I somehow got an English degree all those years ago without ever acquainting myself with any novels by the Brontë sisters. I’ve since read Wuthering Heights a couple times, but still haven’t even gotten around to Jane Eyre. I have now, however, discovered the earnest delights of the second and final novel by the youngest of the sisters.
The Tenant of Wildfell Hall is a romance novel, but a rather spectacularly radical one for the year 1848. Helen, the titular tenant, wins the first man she desires, but the bulk of the book shows us all the reasons that was a bad idea. For her husband, Arthur Huntingdon, is a drunken lout, a philanderer, and a bit of a brute as well.
Ah, but that’s getting ahead of the story. Brontë structures this novel in three parts. The first quarter or so of the book is narrated by one Gilbert Markham in the ever-so-19th-Century epistolary style. He’s writing from the perspective of twenty years later, telling his best friend of the times he had when he was a bachelor and fell in love with a mysterious widow woman who has come to live in the long abandoned Wildfell Hall. (Oh, did I just give something away?) Conveniently, each of these letters is a chapter, and Markham does nothing to give away any surprises that come along as we go.
Then, the chapters become literal transcriptions of Helen’s diary of the years before she got there, when she was single and learning what she wanted out of life, and somehow wound up marrying the guy her aunt warned her about. (The diary, see, was given to Markham as an easier explanation to him of her current position than maybe just telling him the high points in a few sentences. Hey, that’s the way literature used to work, and I’m delighted it did.)
The final 15% of the book brings us back up to the time when Markham got the diary, and then there are a whole lot of romance movie tropes from back in the days before they were all cliché. The ending isn’t a big surprise, though there are a few places where I thought maybe things would go differently. Along the way, Helen’s brother (Markham’s friend except for the times when he’s mad at him for different reasons) shares letters she writes to keep us informed on her doings when she’s not in town anymore.
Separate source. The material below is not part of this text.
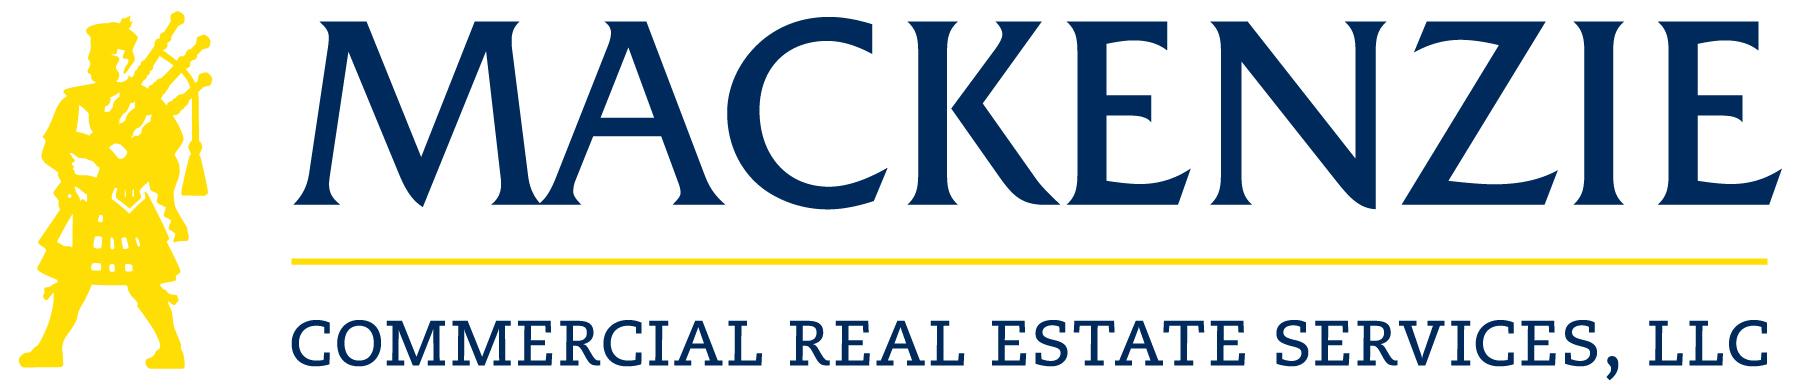 mackenzie_logos_commercial
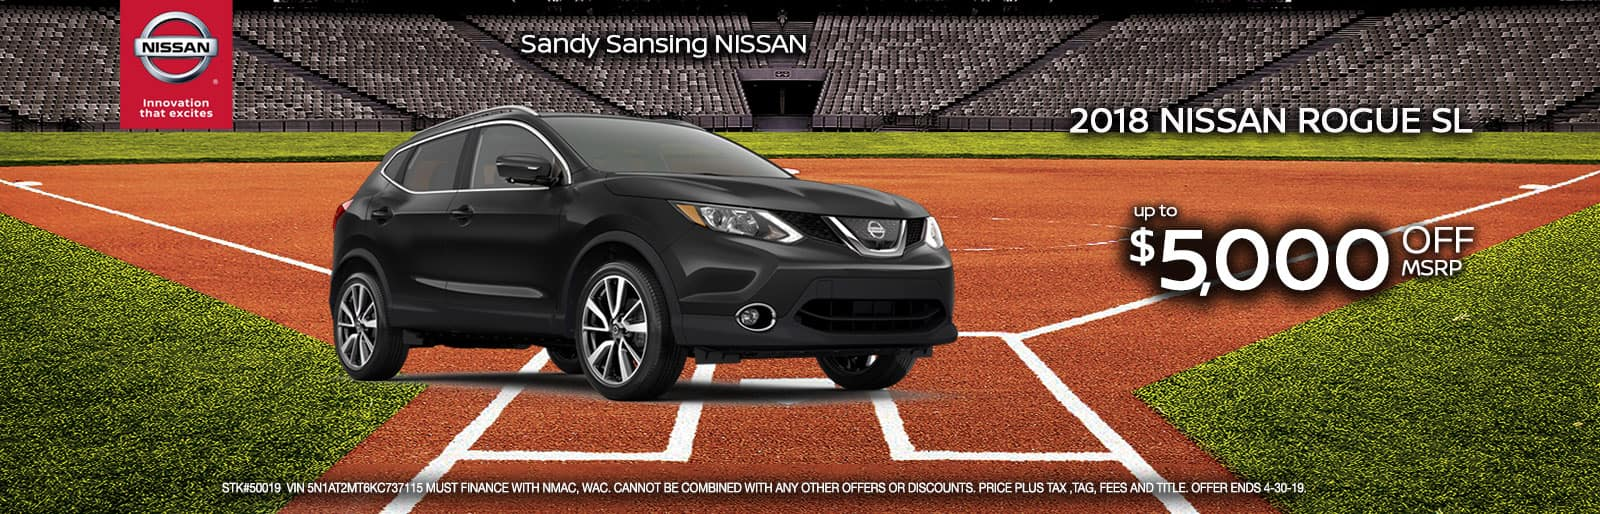 Sandy Sansing Nissan Pensacola FL Rogue

I should say a word about the glorious language Anne Brontë commanded for this book. She pulls plenty of images from the King James Bible, of course. She has a nicely subtle way of making the voices of her two narrarators different – I can’t quite put my finger on it, but Markham’s tales are giddier, more full of emotional outcries, while Helen’s are more suppressed, smaller, hidden, restrained. Also, there are some religious discussions which I found hilarious, particularly the parts wherein two potential lovers are arguing over whether or not they should wait until they can be united in Heaven, but one of them insists it won’t be any good if he has to love everybody else the same. I don’t think this was meant to be funny, but it sure made me laugh.
A book in the middle of the 19th Century that featured a woman standing up to the miseries created by her husband was naturally controversial. Even given that it was released under a male pen name, it didn’t make a big splash in the marketplace, and it’s feminist themes kept it from being a particularly famous novel. As it was, Anne Brontë passed away from tuberculosis less than a year after her sister Emily had done the same.